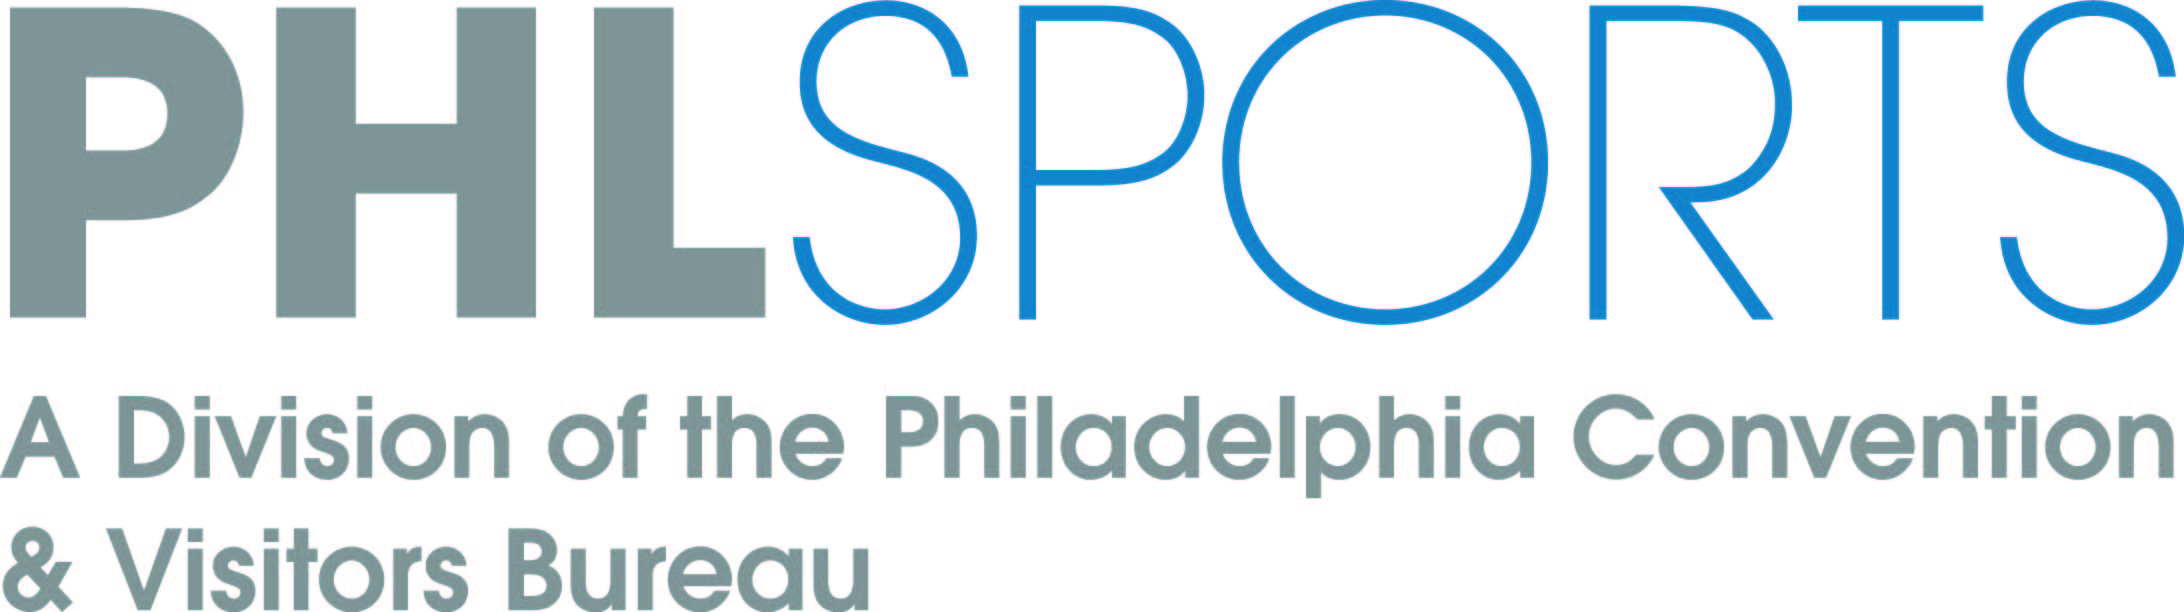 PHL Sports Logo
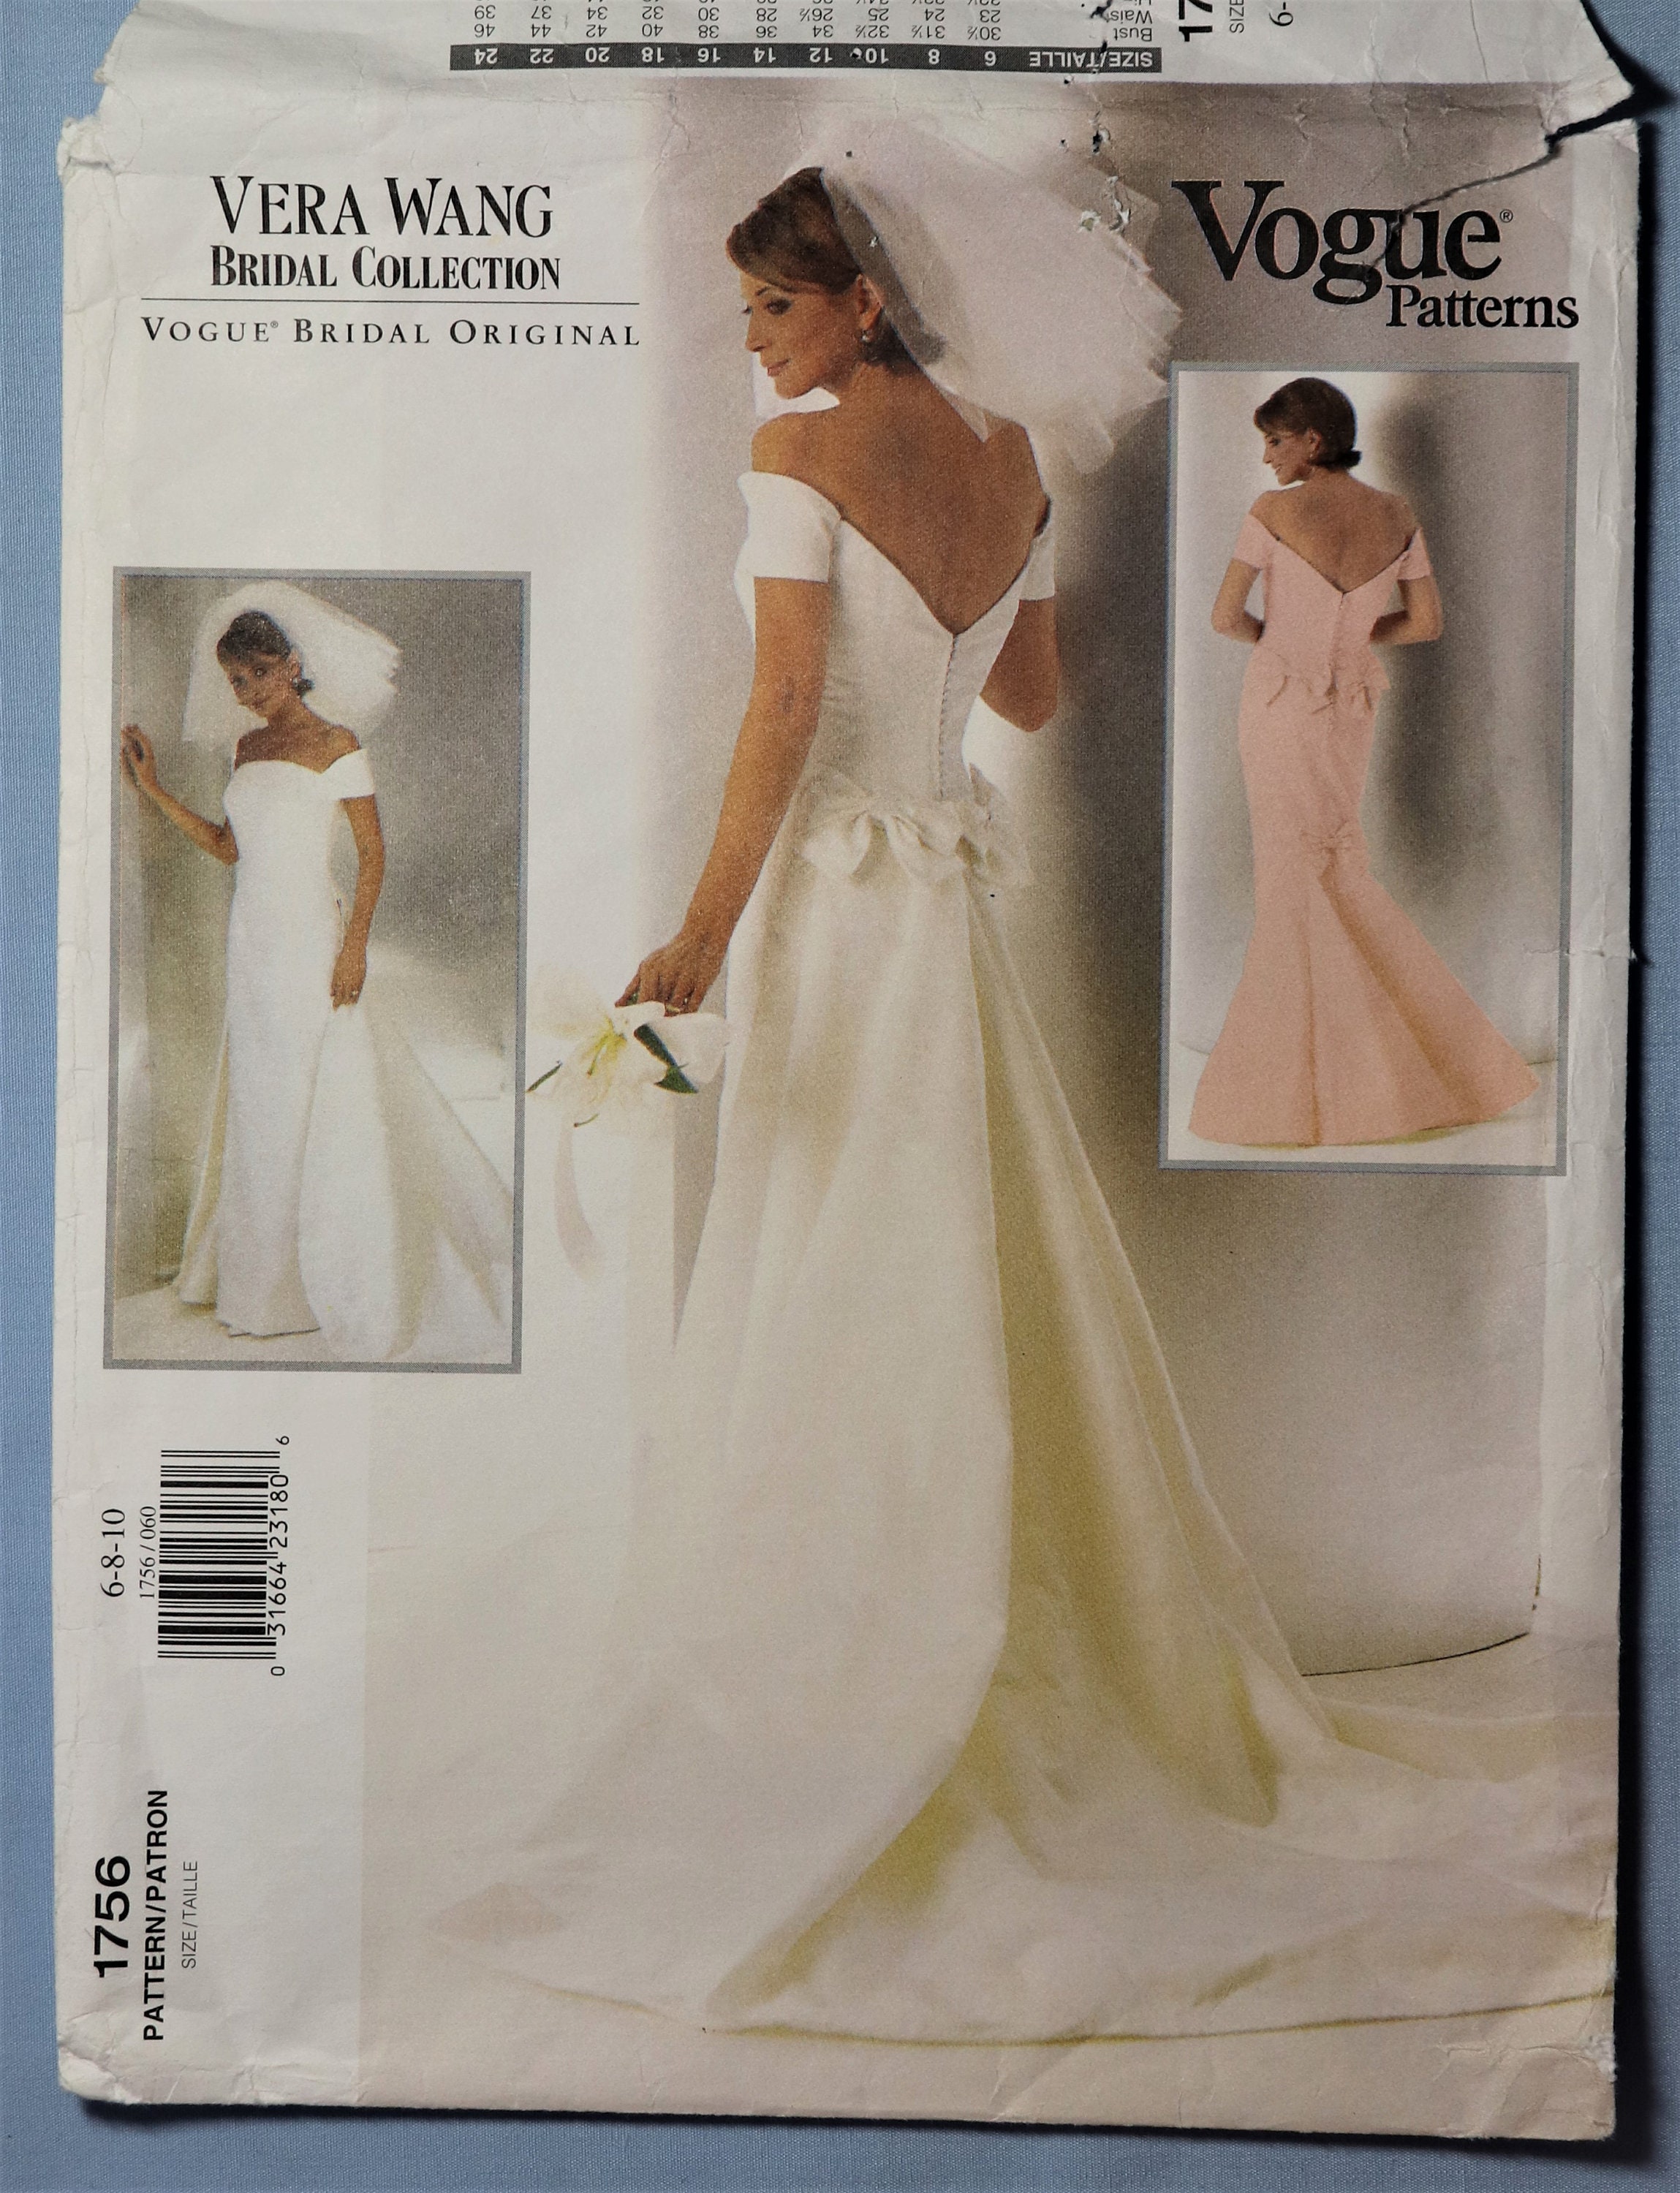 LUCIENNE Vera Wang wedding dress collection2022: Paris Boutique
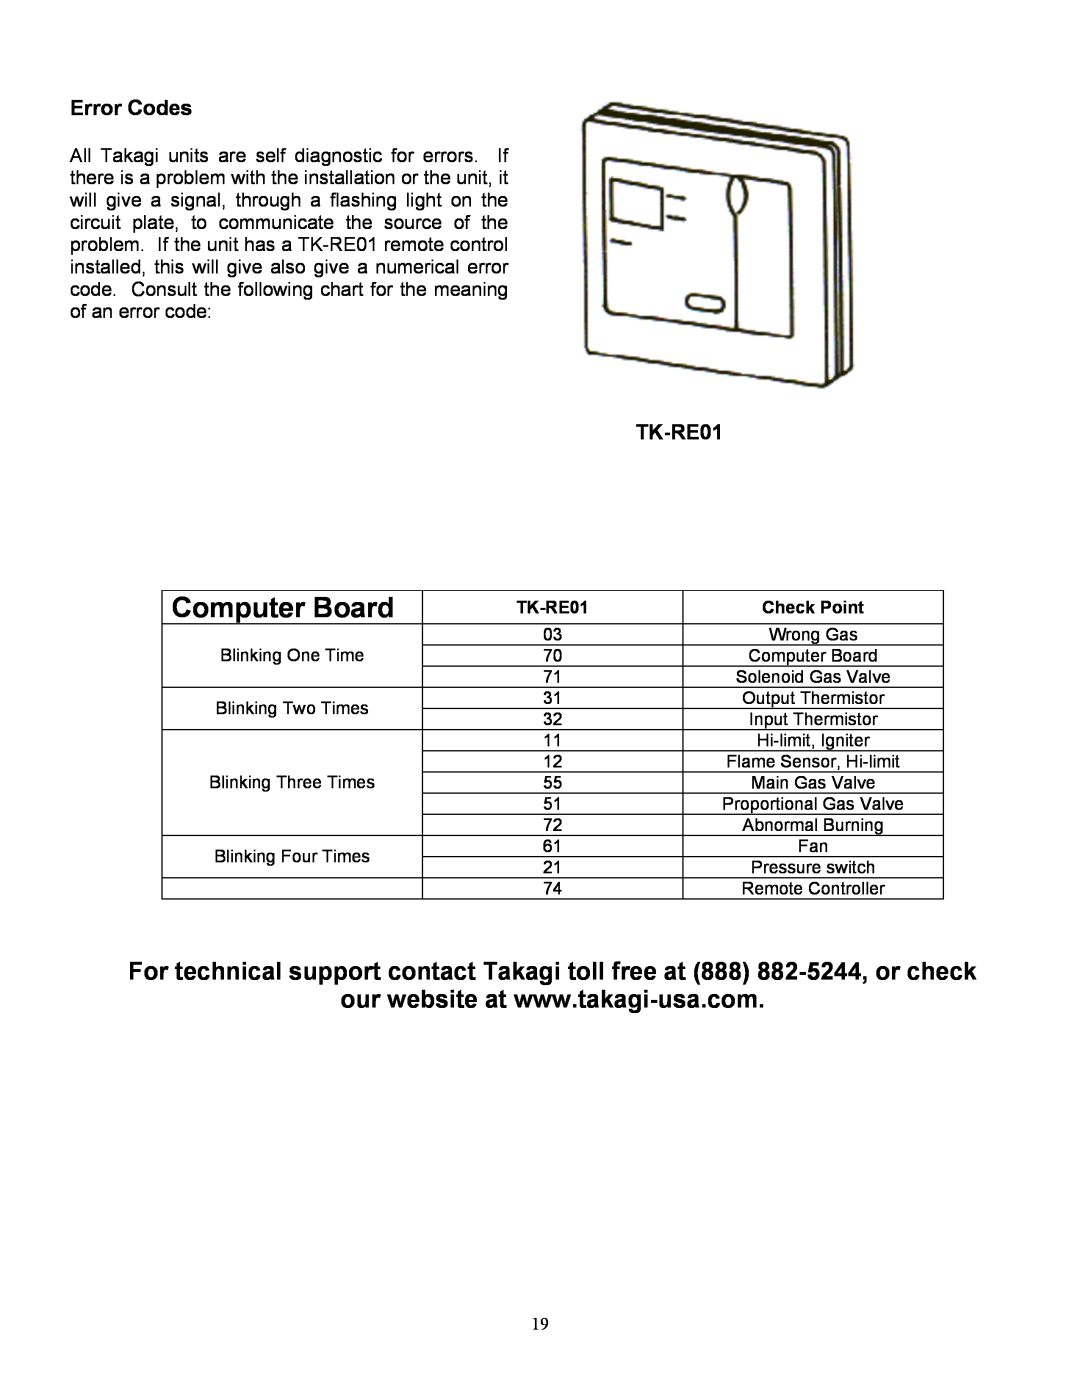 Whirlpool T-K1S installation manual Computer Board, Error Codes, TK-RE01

▶ **Exercise instructions**
When you write out the data, keep every line exact and drop the pictures.

▶ **Problem solution**
 PHL Sports Logo
 LUCIENNE Vera Wang wedding dress collection2022: Paris Boutique
 Whirlpool T-K1S installation manual Computer Board, Error Codes, TK-RE01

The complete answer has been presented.